By: Mrs. Rina Zinkin


[The ideas below are from a recent shiur that I attended, given by Mrs. Dina Schoonmaker.]

We now find ourselves at the spiritual station of sefirat haomer, as we try to improve ourselves to reach a level where we will be ready for Kabalat HaTorah on Shavuot. When Klal Yisrael arrived at Midbar Sinai, where they would soon receive the Torah, the pasuk says: “Vayichan sham Yisrael neged hahar.” (Shemos 19:2) Rashi points out that the Torah’s usual choice of words is “Vayachanu” (in the plural tense) to describe the encampments of Bnei Yisrael, but here, “Vayichan”( the singular tense) is used to indicate that at this encampment  Bnei Yisrael were united. Rashi says that they were “k'ish echad, b’lev echad.”

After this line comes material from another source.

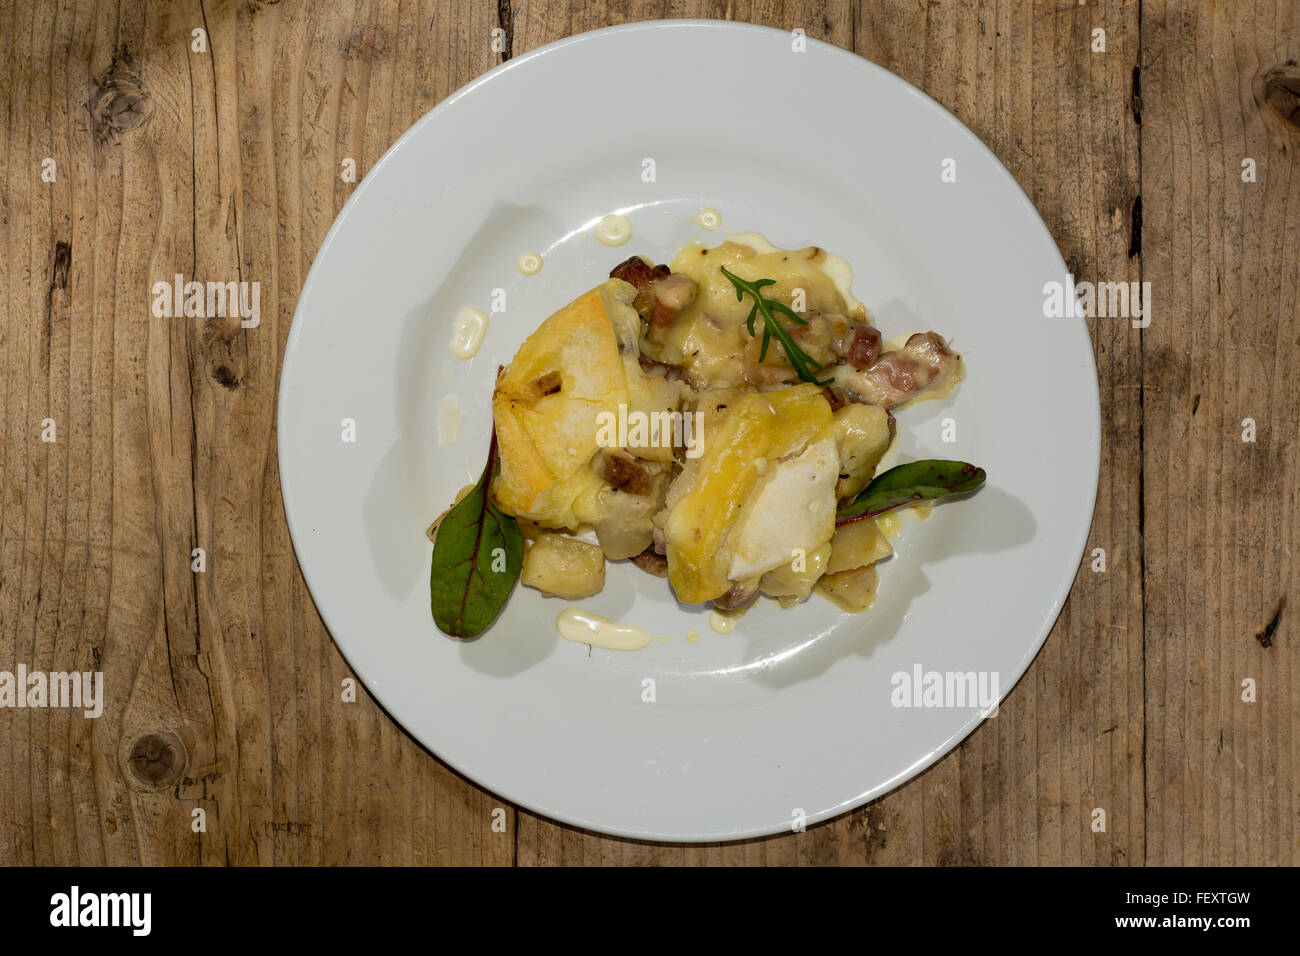 Savoie tartiflette. French dish made with potatoes, reblochon cheese, lardons and onions - Stock Image

What can we do now to create the “vayechan?” What can we do to increase achdut in Klal Yisrael?

Women are endowed with the gift of bina yetaira - extra bina. Bina is the ability to have extra clarity into people and situations, the ability to notice things and to have a feeling about things. What can come with the territory of possessing bina yetaira, can be that a person becomes hypercritical of others and notices faults or weaknesses in others. We must use our gift of bina well- using our extra dose of clarity to help those around us. We must not allow ourselves to misuse our gift of bina and be overly critical of others.

One way to stop being critical of others is to practice judging people favorably. In Pirkei Avos,  perek 1: mishna 6, we read: “Yehoshua ben Perachya omer: Asey lecha rav, u’kinay lecha chaver,v’hevay  dan et kol  ha’adam  lechaf zechut”. Rav Shimshon Rafael Hirsh explains that we are allowed to choose our Rav, and we are encouraged to choose our friends. However, there are those whom we decided not to be our Rav and not to be our friends, and it is to those people - our outer circle - that “hevay dan et kol ha’adam lchaf zechut” applies. The Be’er Avos explains the mishna differently, teaching us that the “hevay dan et kol ha’adam lchaf zechus” applies to our Rav who we chose and our friends whom we chose, teaching us to not be overly critical of our inner circle - of those closest to us. The Yismach Moshe teaches that this mishna provides us with one of the tools to maintain good relationships - do not be critical - judge favorably!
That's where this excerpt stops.